■ **Data section**:

____

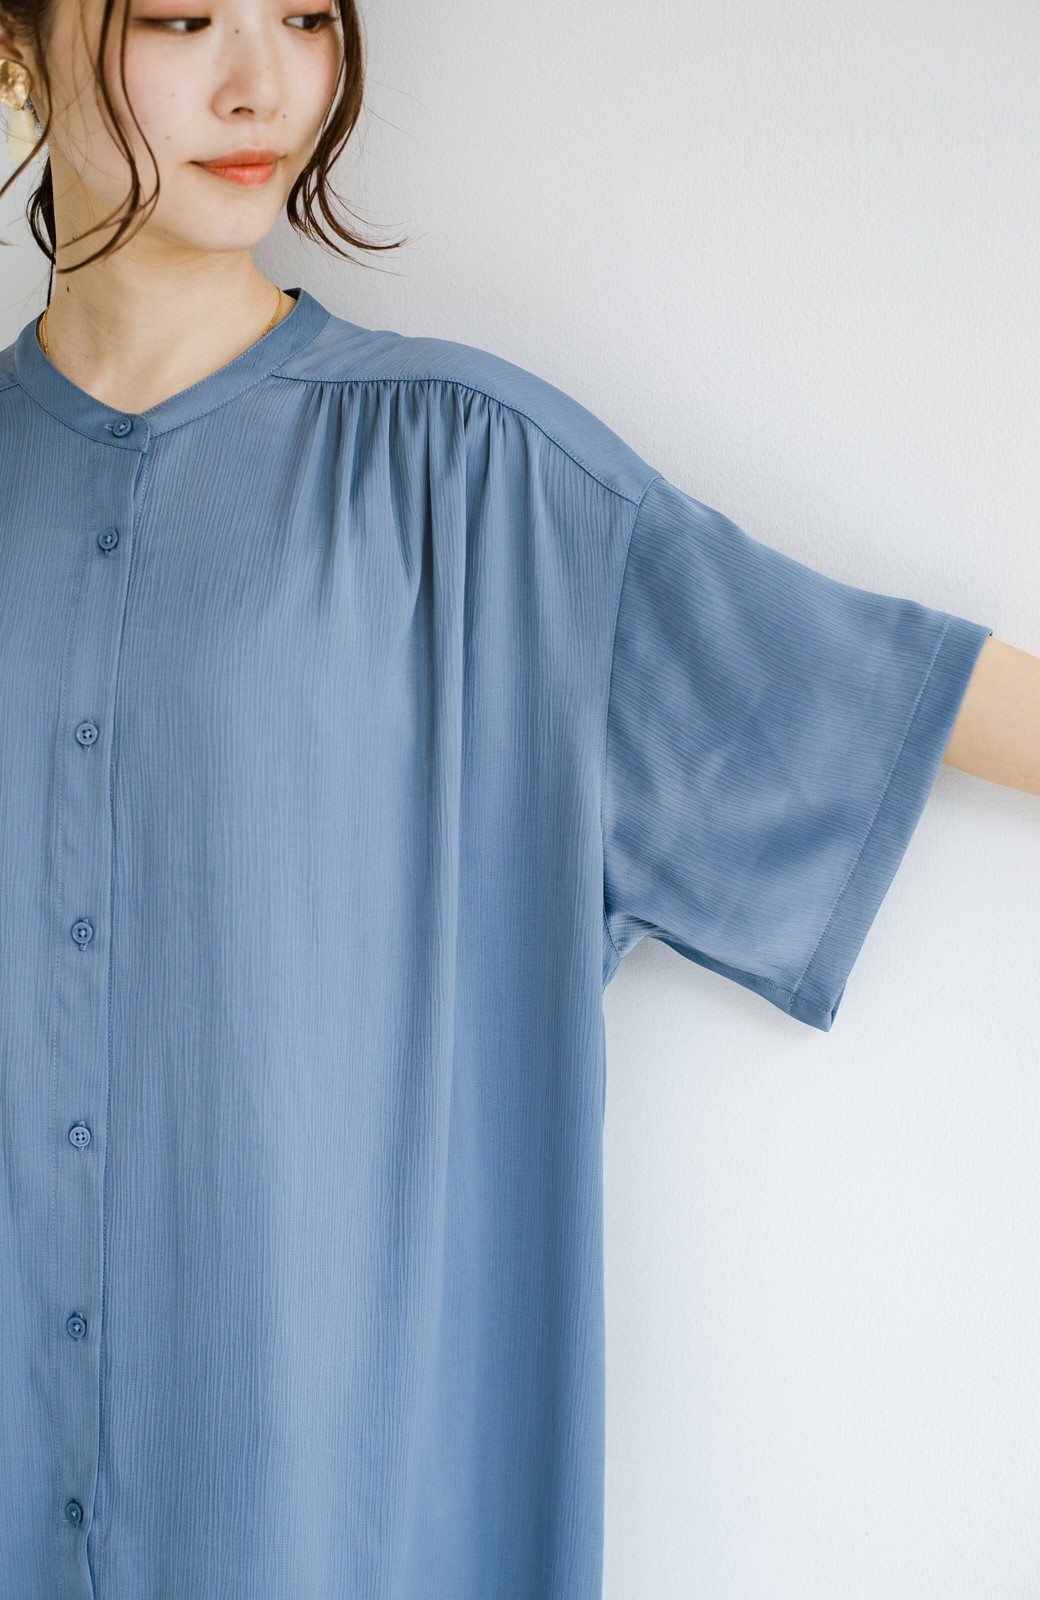 haco! 羽織としてもワンピースとしても着られちゃう 後ろ姿まで抜かりなくかわいいプリーツワンピース <ブルー>の商品写真6
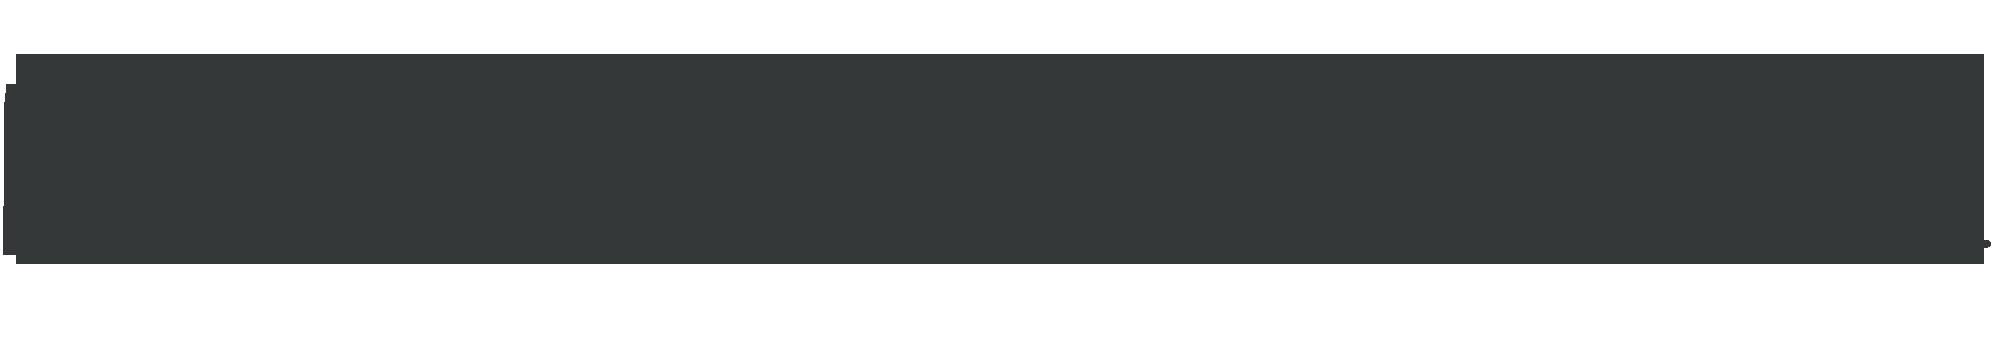 Esto Es Mi Ruina - Blog de ofertas, guías de compra, comparativas, ofertas y los mejores manuales de la red.
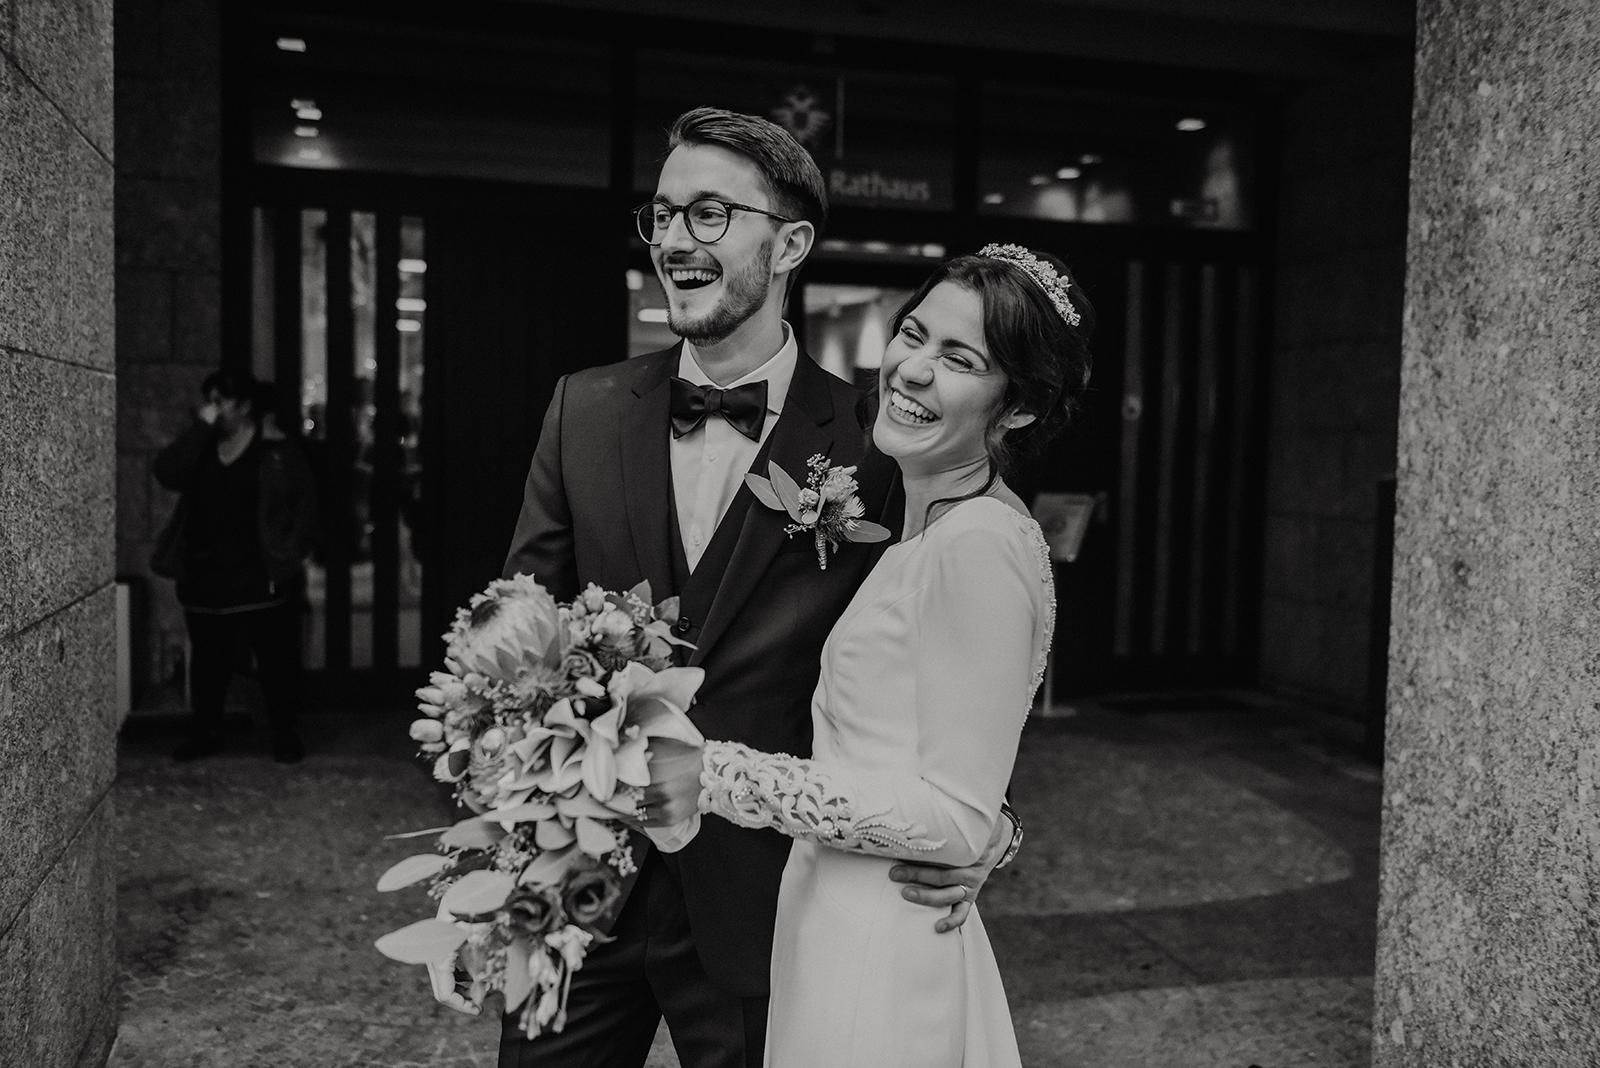 Jasmin und Axel bei ihrer standesamtlichen Trauung in Koeln

____

■ **Work instruction**: Each line of the data above must be reproduced as written. Skip the pictures.

■ **Solution for this task**:
 haco! 羽織としてもワンピースとしても着られちゃう 後ろ姿まで抜かりなくかわいいプリーツワンピース <ブルー>の商品写真6
 Esto Es Mi Ruina - Blog de ofertas, guías de compra, comparativas, ofertas y los mejores manuales de la red.
 Jasmin und Axel bei ihrer standesamtlichen Trauung in Koeln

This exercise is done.